I always loved the visual aesthetic of dithering but never knew how it’s done. So I did some research. This article may contain traces of nostalgia and none of Lena.

How did I get here? (You can skip this)

I am late to the party, but I finally played “Return of the Obra Dinn”, the most recent game by Lucas Pope of “Papers Please” fame. Obra Dinn is a story puzzler that I can only recommend, but what piqued my curiosity as a software engineer is that it is a 3D game (using the Unity game engine) but rendered using only 2 colors with dithering. Apparently, this has been dubbed “Ditherpunk”, and I love that.

Screenshot of “Return of the Obra Dinn”.

Dithering, so my original understanding, was a technique to place pixels using only a few colors from a palette in a clever way to trick your brain into seeing many colors. Like in the picture, where you probably feel like there are multiple brightness levels when in fact there’s only two: Full brightness and black.

The fact that I have never seen a 3D game with dithering like this probably stems from the fact that color palettes are mostly a thing of the past. You may remember running Windows 95 with 16 colors and playing games like “Monkey Island” on it.

Windows 95 configured to use 16 colors. Now spend hours trying to find the right floppy disk with the drivers to get the “256 colors” or, *gasp*, “True Color” show up.

Screenshot of “The Secret of Monkey Island” using 16 colors.

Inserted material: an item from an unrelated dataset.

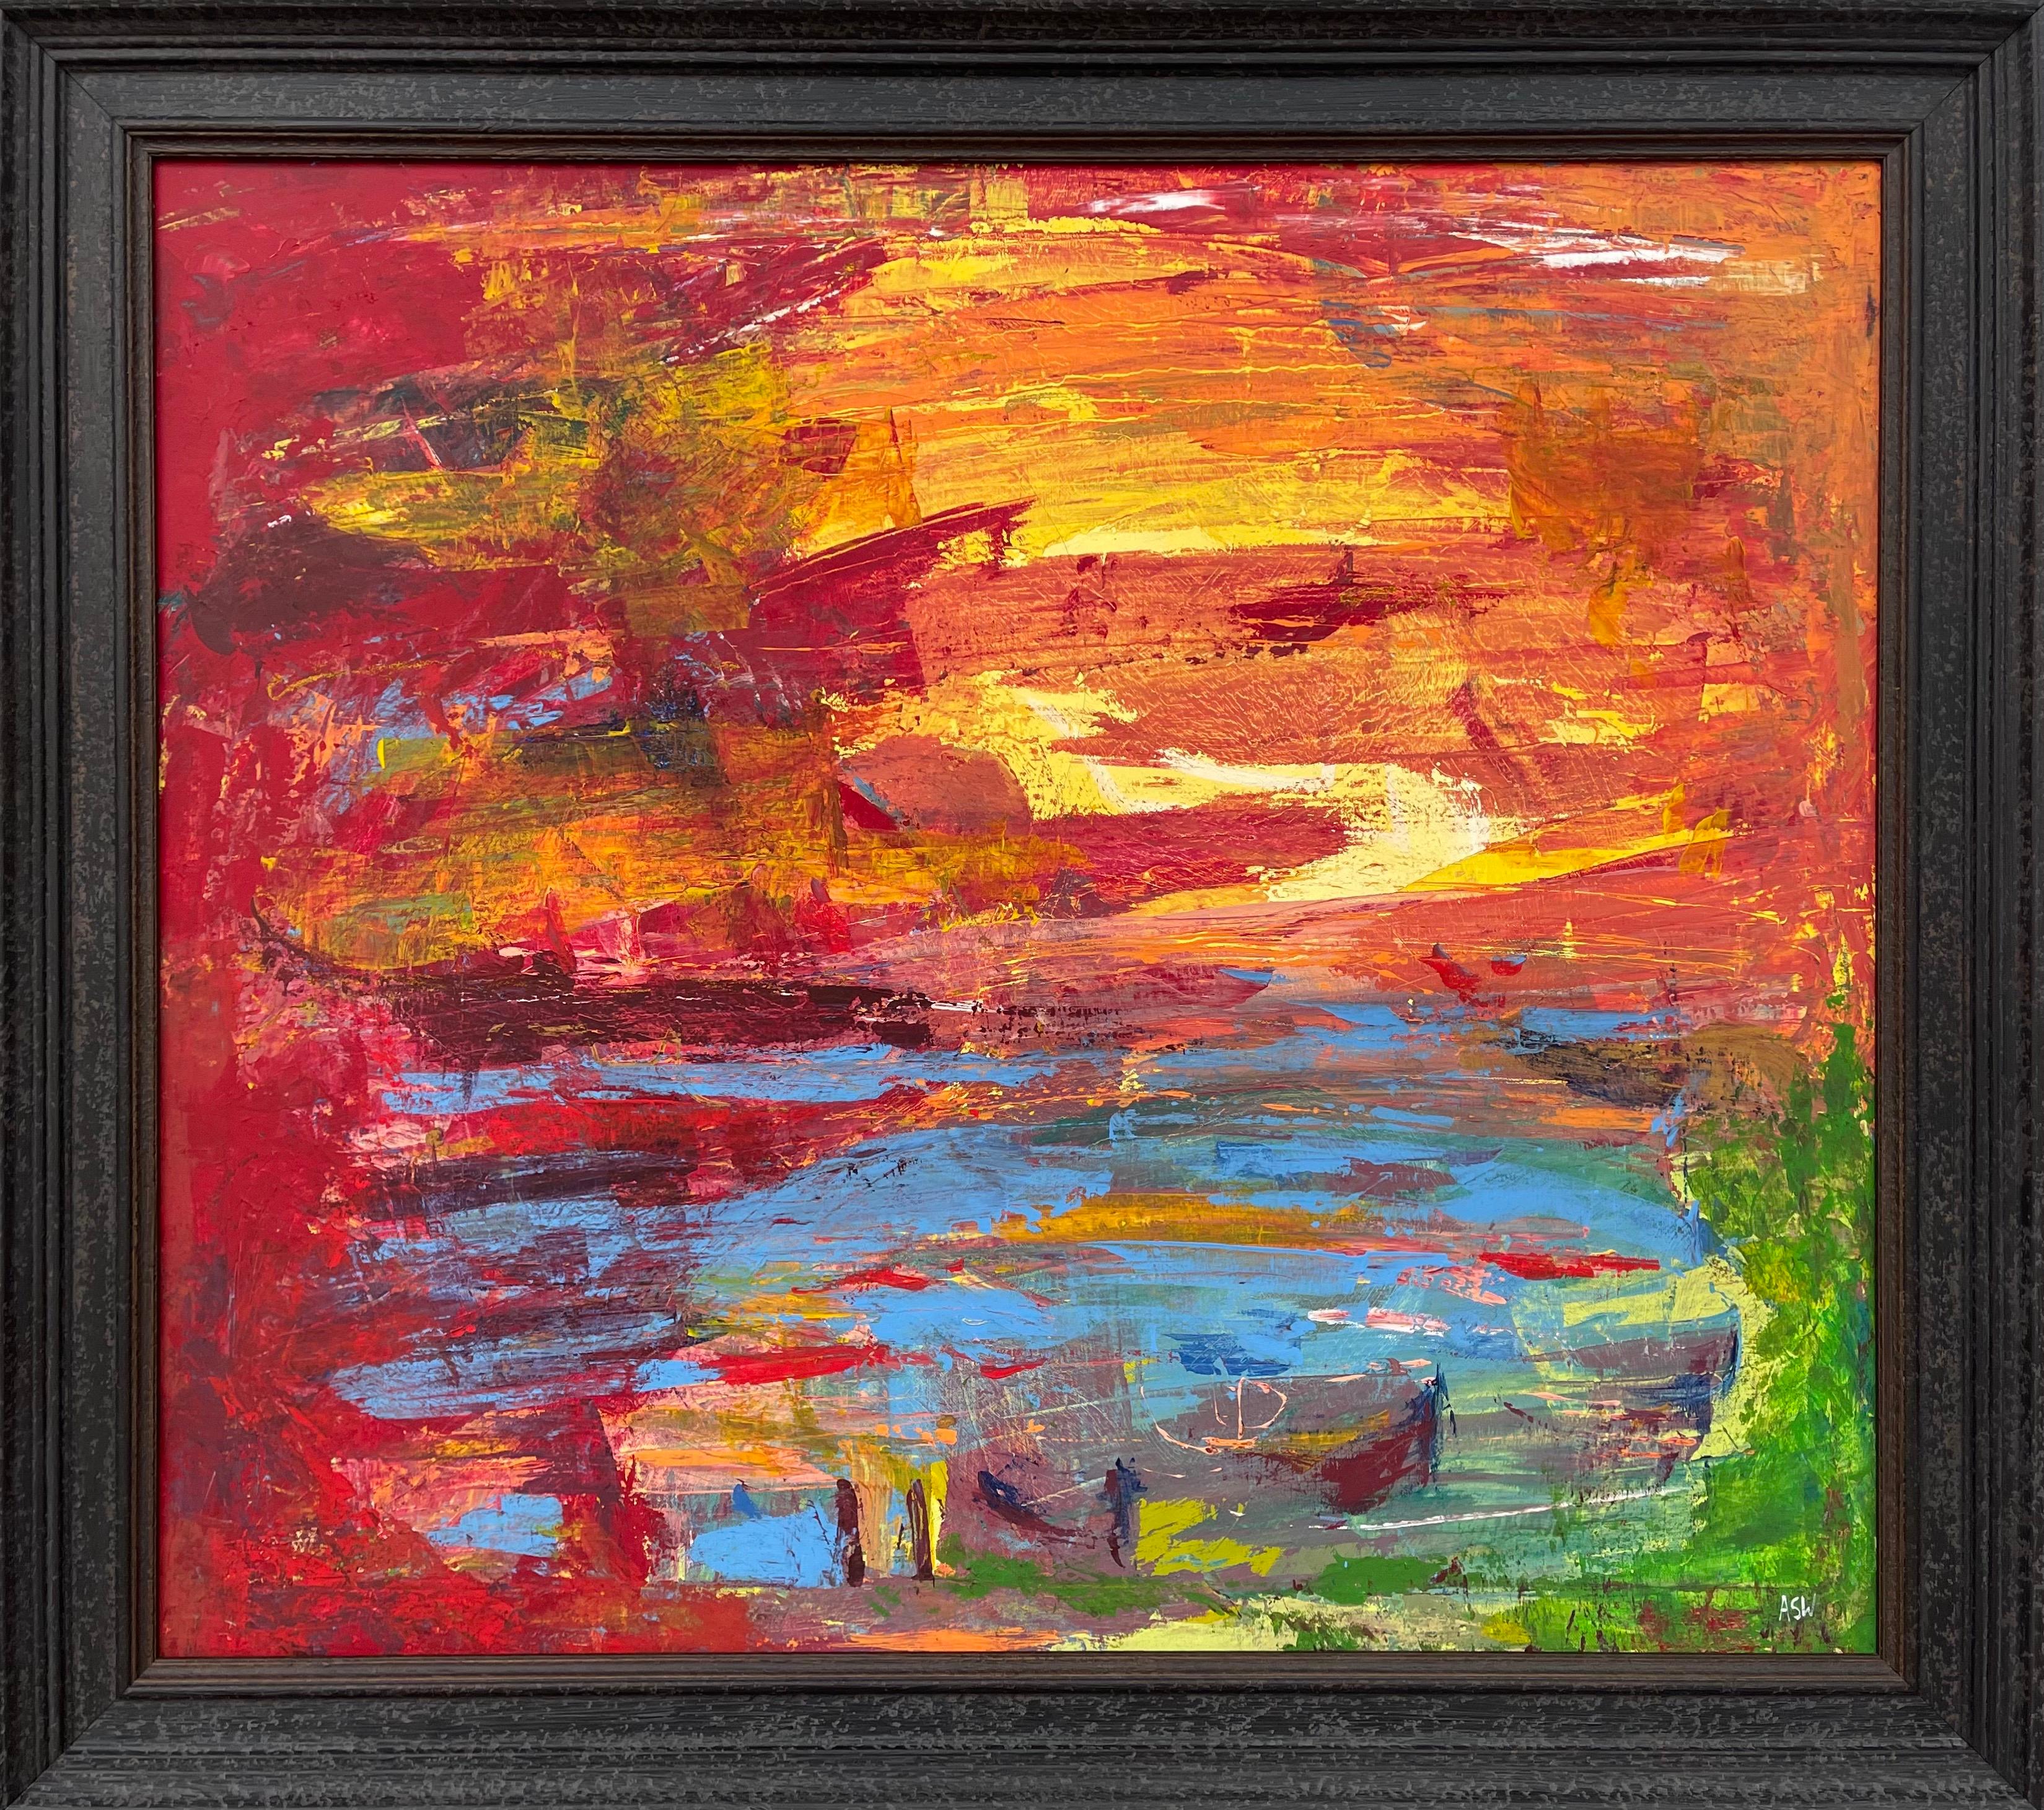 Abstract Blue Orange & Red Lake Sunset Landscape by Contemporary British Artist

For a long time now, however, we have had 8 bits per channel per pixel, allowing each pixel on your screen to assume one of 16 million colors. With HDR and wide gamut on the horizon, things are moving even further away to ever requiring any form of dithering. And yet Obra Dinn used it anyway and rekindled a long forgotten love for me. Knowing a tiny bit about dithering from my work on Squoosh, I was especially impressed with Obra Dinn’s ability to keep the dithering stable while I moved and rotated the camera through 3D space and I wanted to understand how it all worked.

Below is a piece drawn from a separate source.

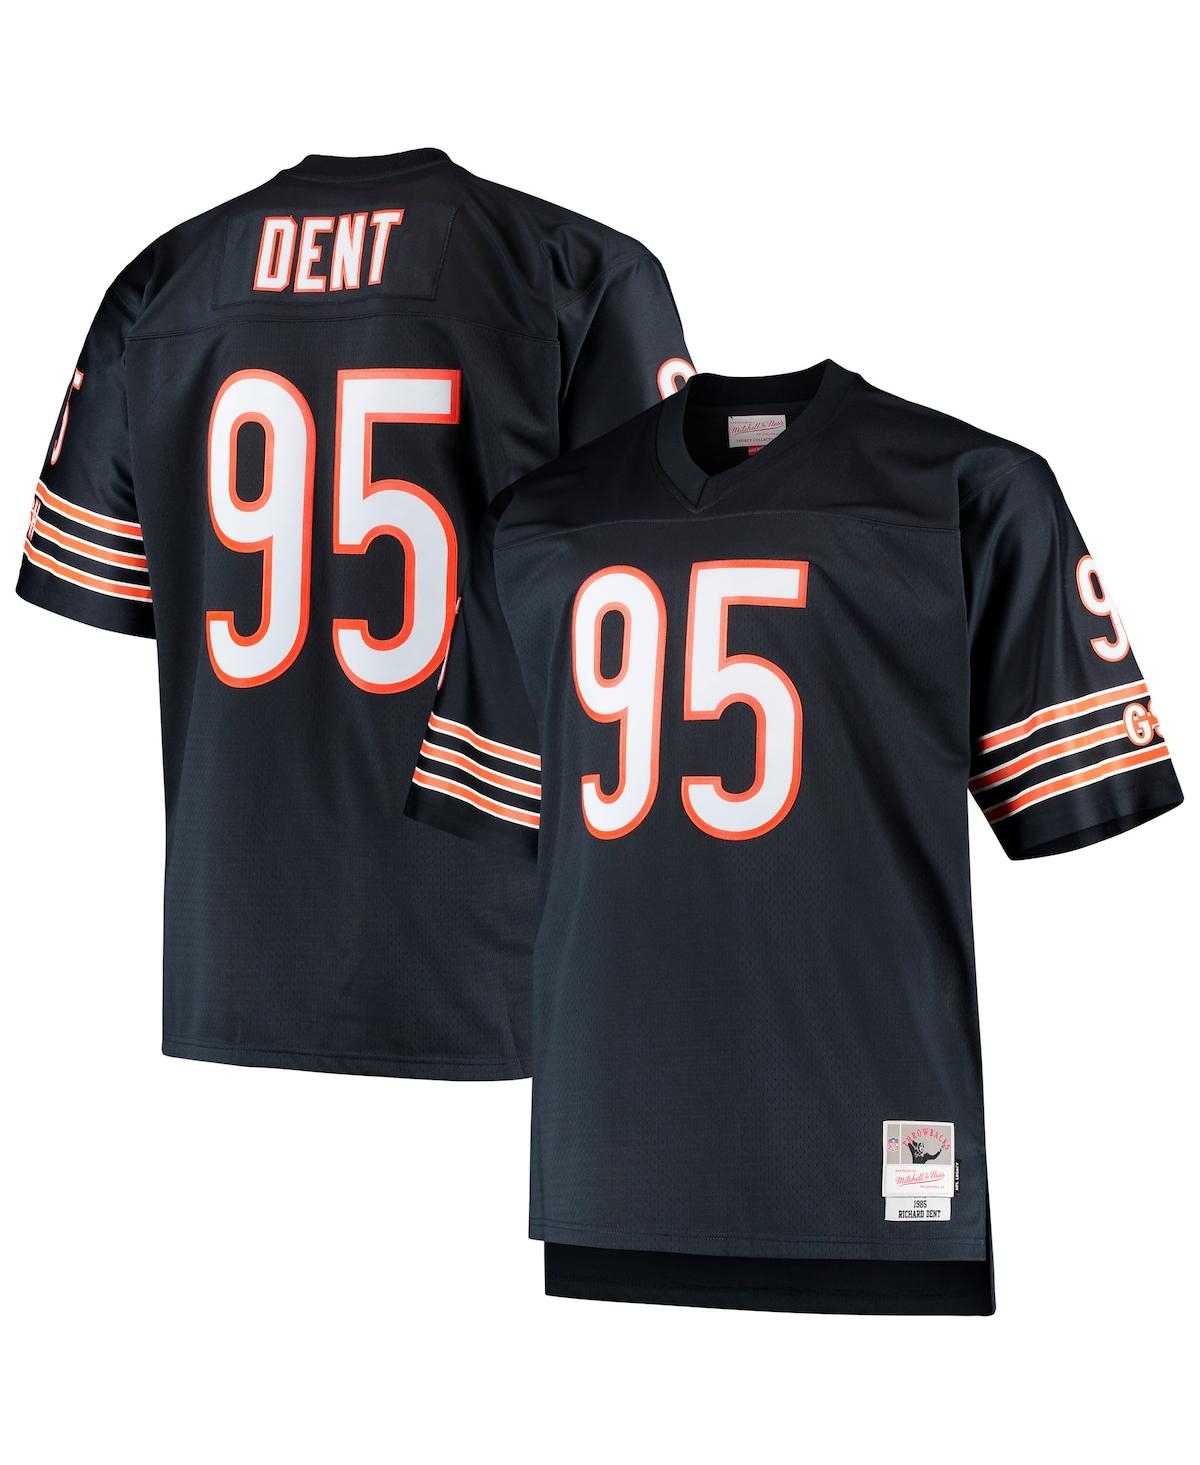 Men's Mitchell & Ness Richard Dent Navy Chicago Bears Big and Tall 1985 Retired Player Replica Jersey - Navy

As it turns out, Lucas Pope wrote a forum post where he explains which dithering techniques he uses and how he applies them to 3D space. He put extensive work into making the dithering stable when camera movements occur. Reading that forum post kicked me down the rabbit hole, which this blog post tries to summarize.

Dithering

What is Dithering?

According to Wikipedia, “Dither is an intentionally applied form of noise used to randomize quantization error”, and is a technique not only limited to images. It is actually a technique used to this day on audio recordings, but that is yet another rabbit hole to fall into another time. Let’s dissect that definition in the context of images. First up: Quantization.

Quantization

Quantization is the process of mapping a large set of values to a smaller, usually finite, set of values. For the remainder of this article, I am going to use two images as examples:

Example image #1: A black-and-white photograph of San Francisco’s Golden Gate Bridge, downscaled to 400x267 (higher resolution).

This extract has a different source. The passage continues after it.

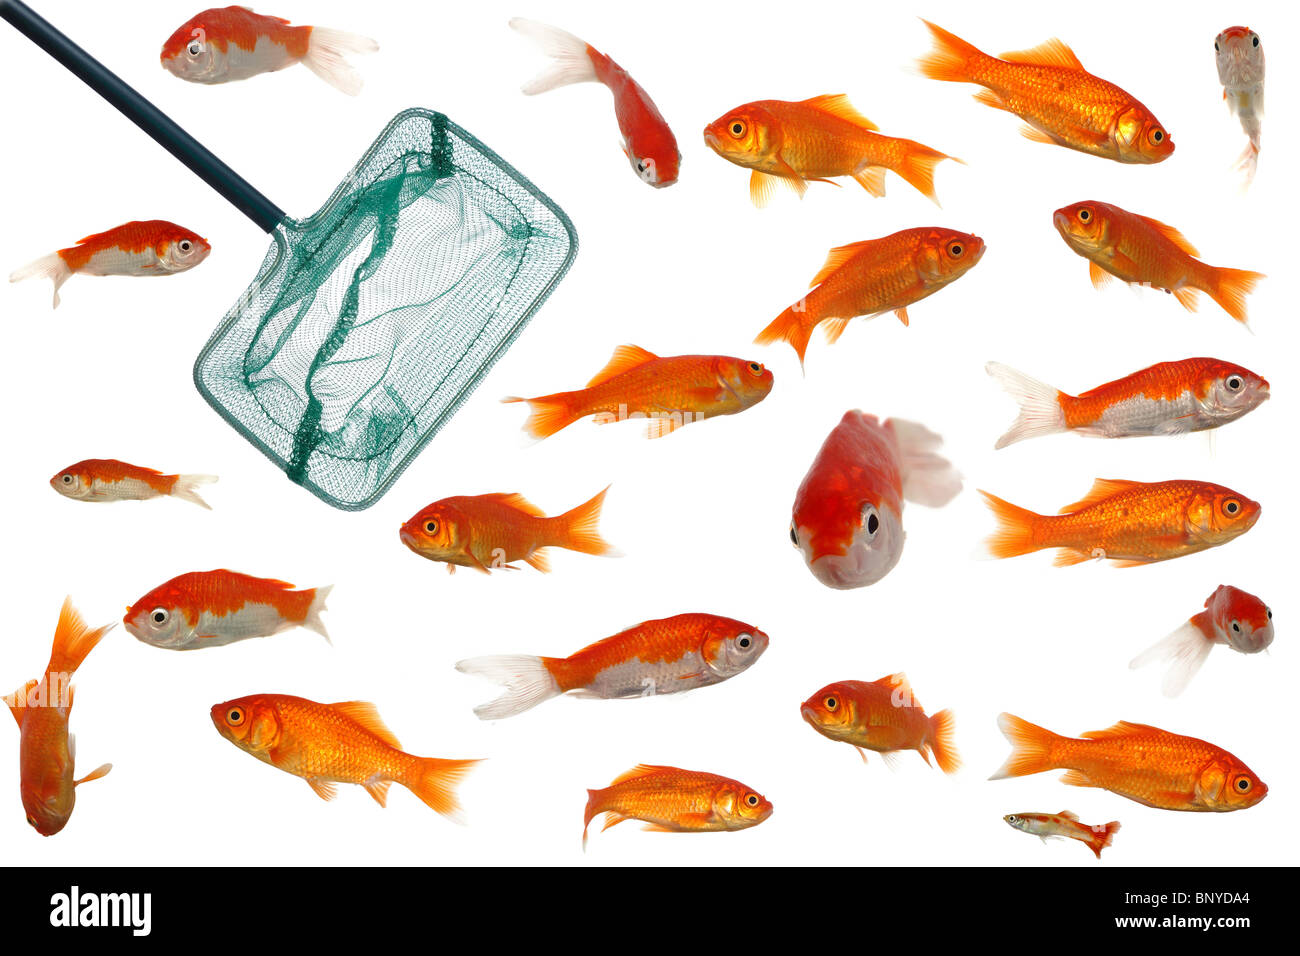 Fishing net is in an aquarium full of goldfish. Isolated on a clean white background. Stock Photo

Example image #2: A black-and-white photograph of San Francisco’s Bay Bridge, downscaled to 253x400 (higher resolution).

Both black-and-white photos use 256 different shades of gray. If we wanted to use fewer colors — for example just black and white to achieve monochromaticity — we have to change every pixel to be either pure black or pure white. In this scenario, the colors black and white are called our “color palette” and the process of changing pixels that do not use a color from the palette is called “quantization”. Because not all colors from the original images are in the color palette, this will inevitably introduce an error called the “quantization error”. The naïve solution is to quantizer each pixel to the color in the palette that is closest to the pixel’s original color.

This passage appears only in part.